SUPPLIED DATA section start

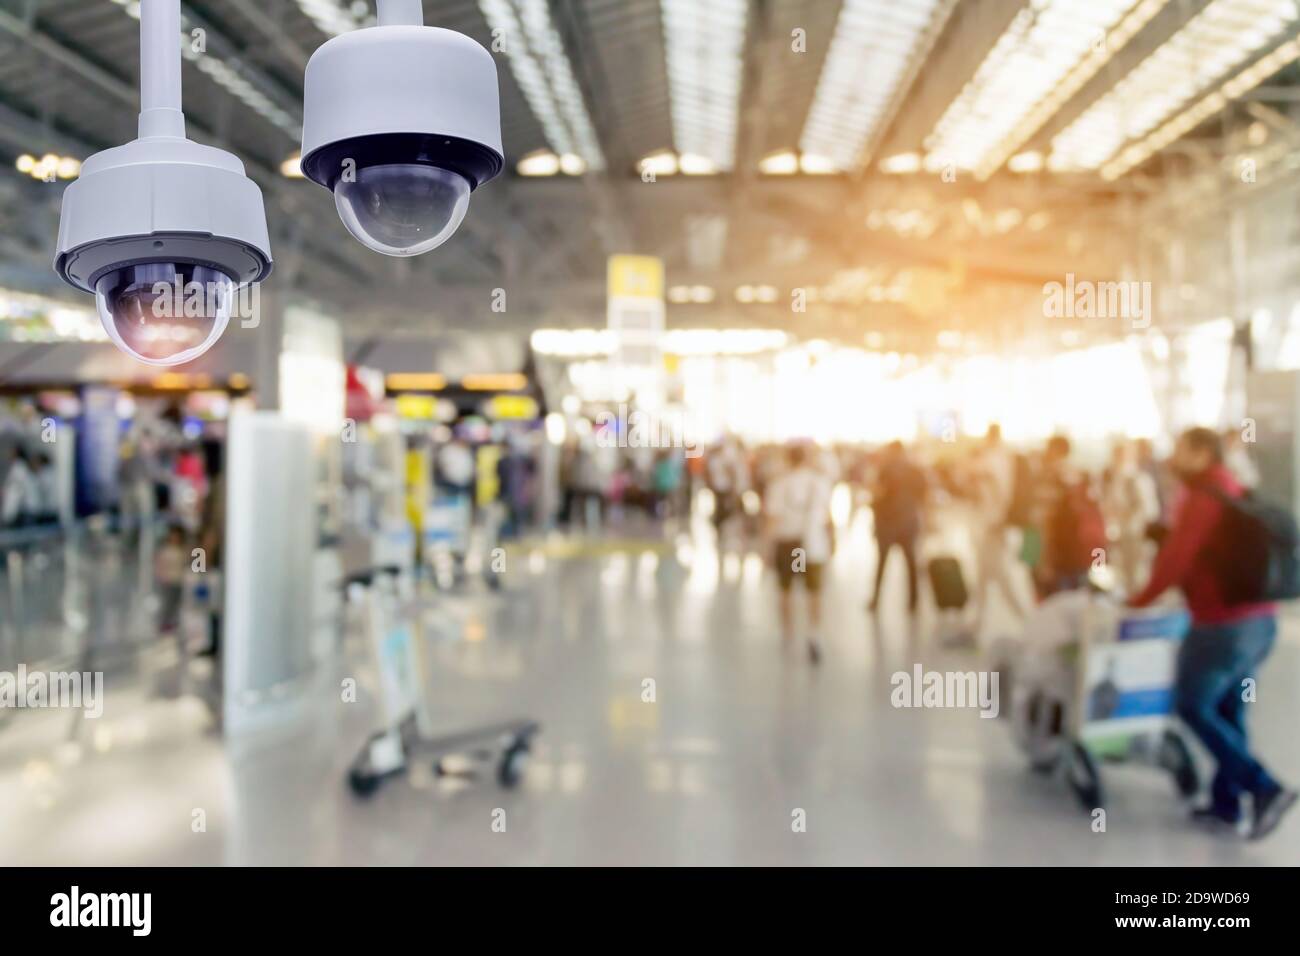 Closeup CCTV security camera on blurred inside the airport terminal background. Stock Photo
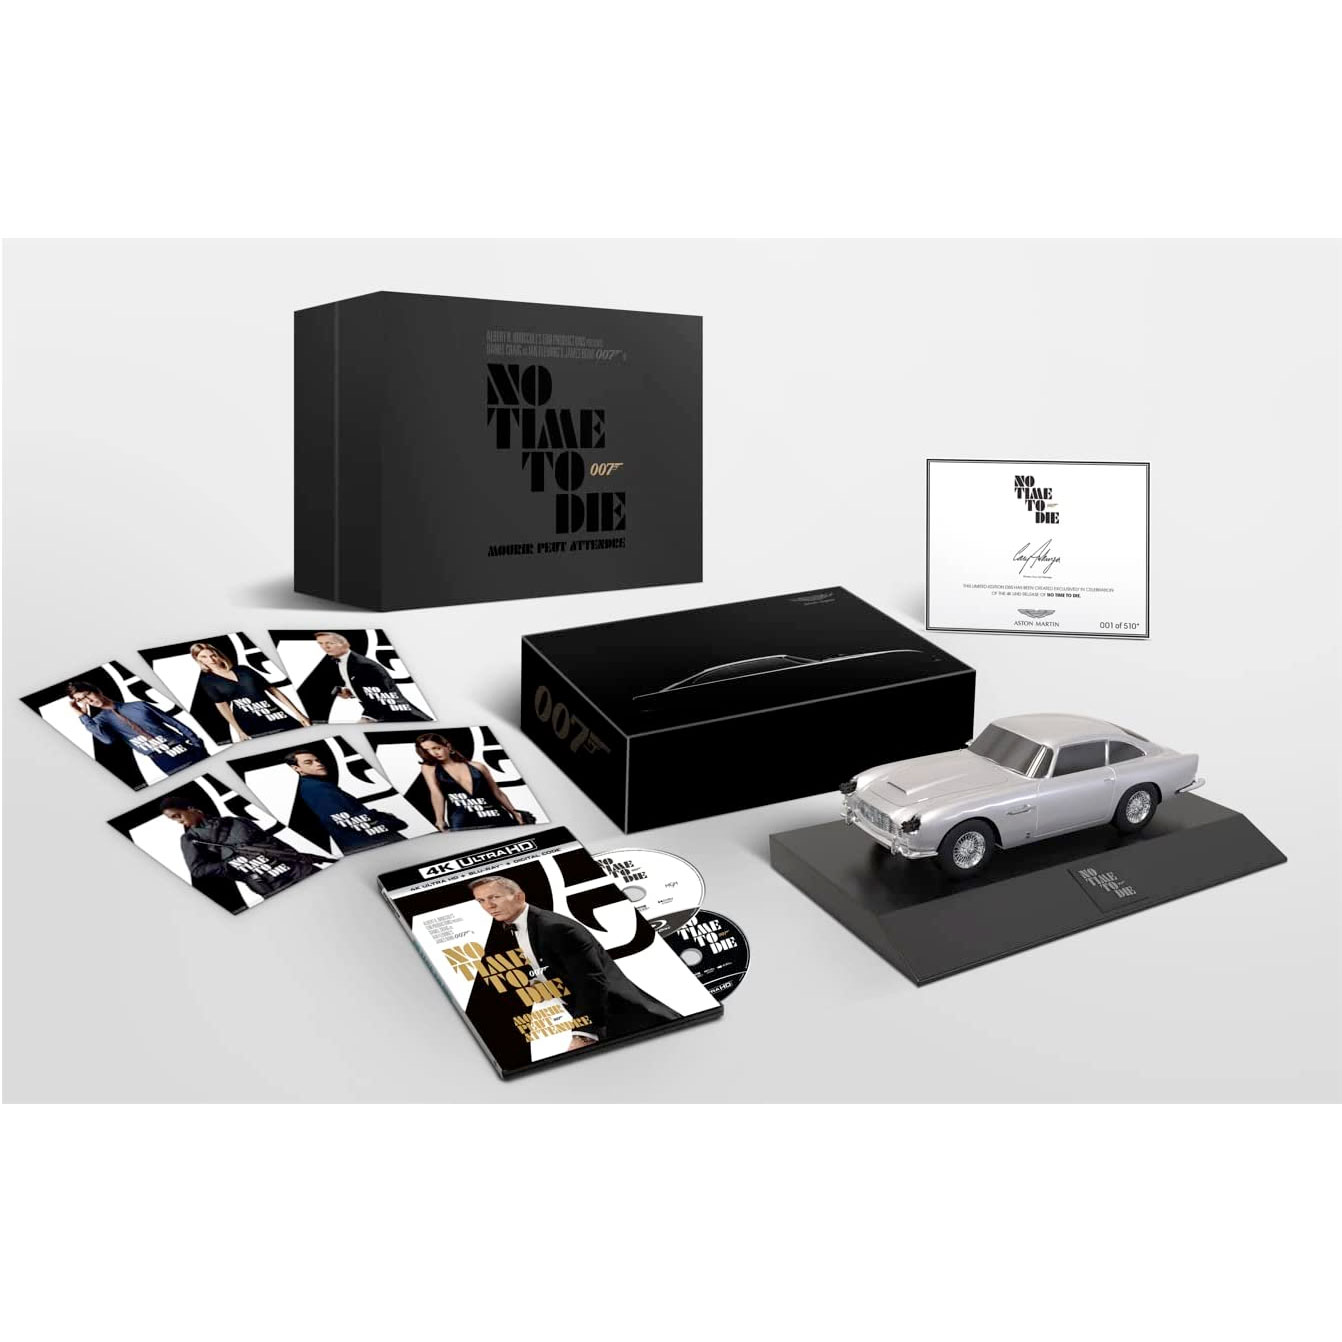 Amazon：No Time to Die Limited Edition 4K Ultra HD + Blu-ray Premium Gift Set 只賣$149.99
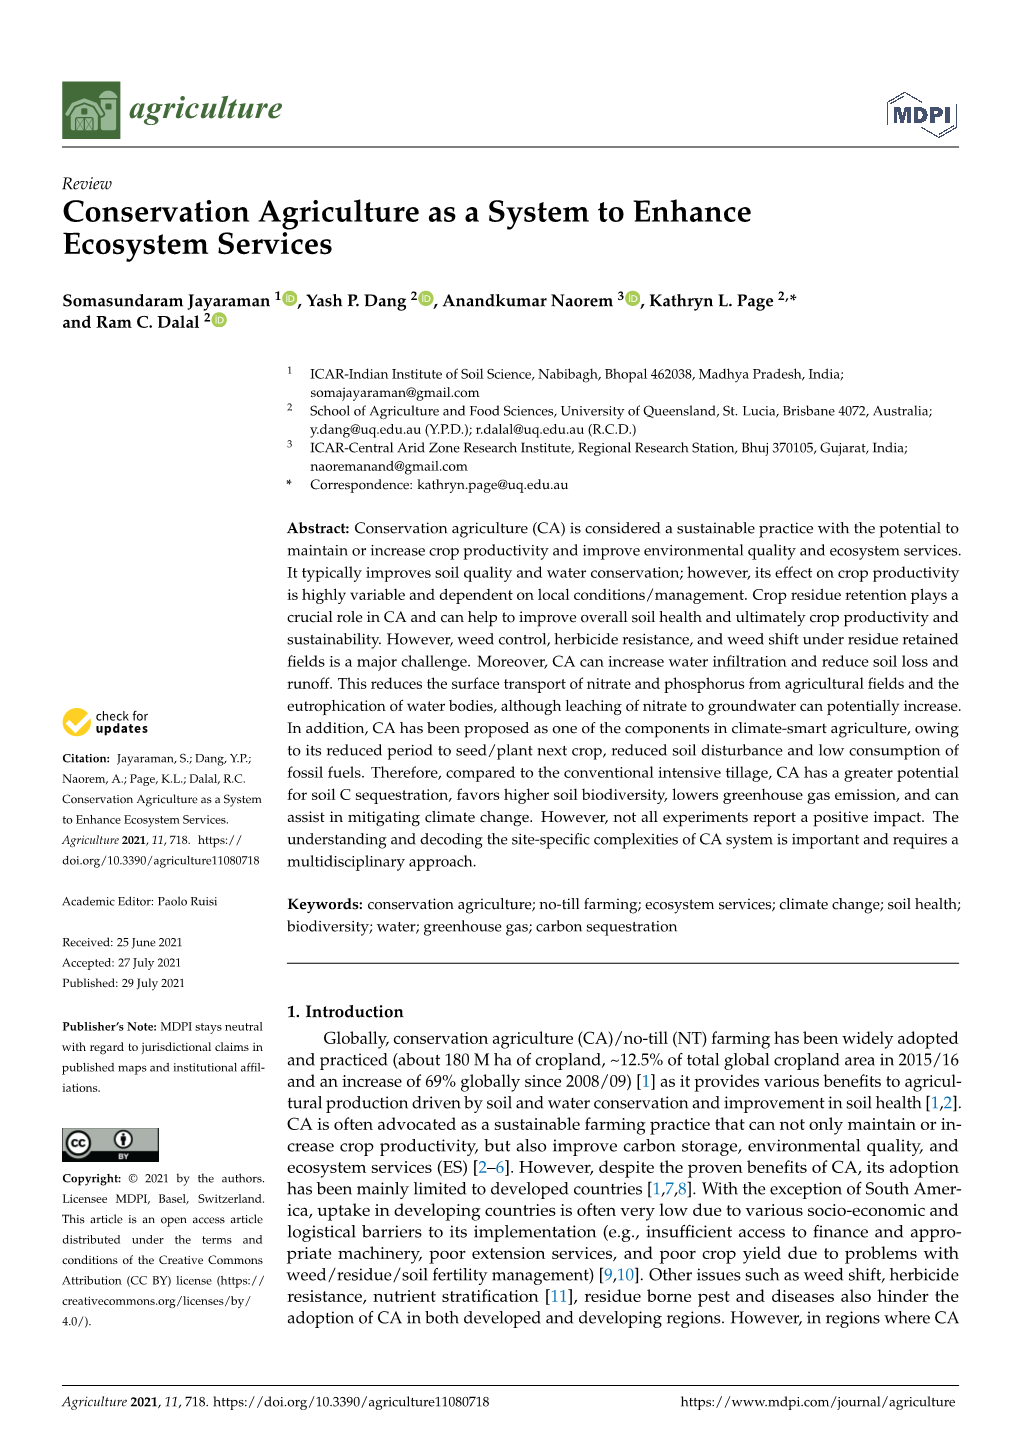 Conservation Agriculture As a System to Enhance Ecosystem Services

SUPPLIED DATA section end

* _PROBLEM_
The whole listing should be reproduced exactly. Images don't go in.

* _RESULT BELOW_
 Closeup CCTV security camera on blurred inside the airport terminal background. Stock Photo
 Amazon：No Time to Die Limited Edition 4K Ultra HD + Blu-ray Premium Gift Set 只賣$149.99
 Conservation Agriculture As a System to Enhance Ecosystem Services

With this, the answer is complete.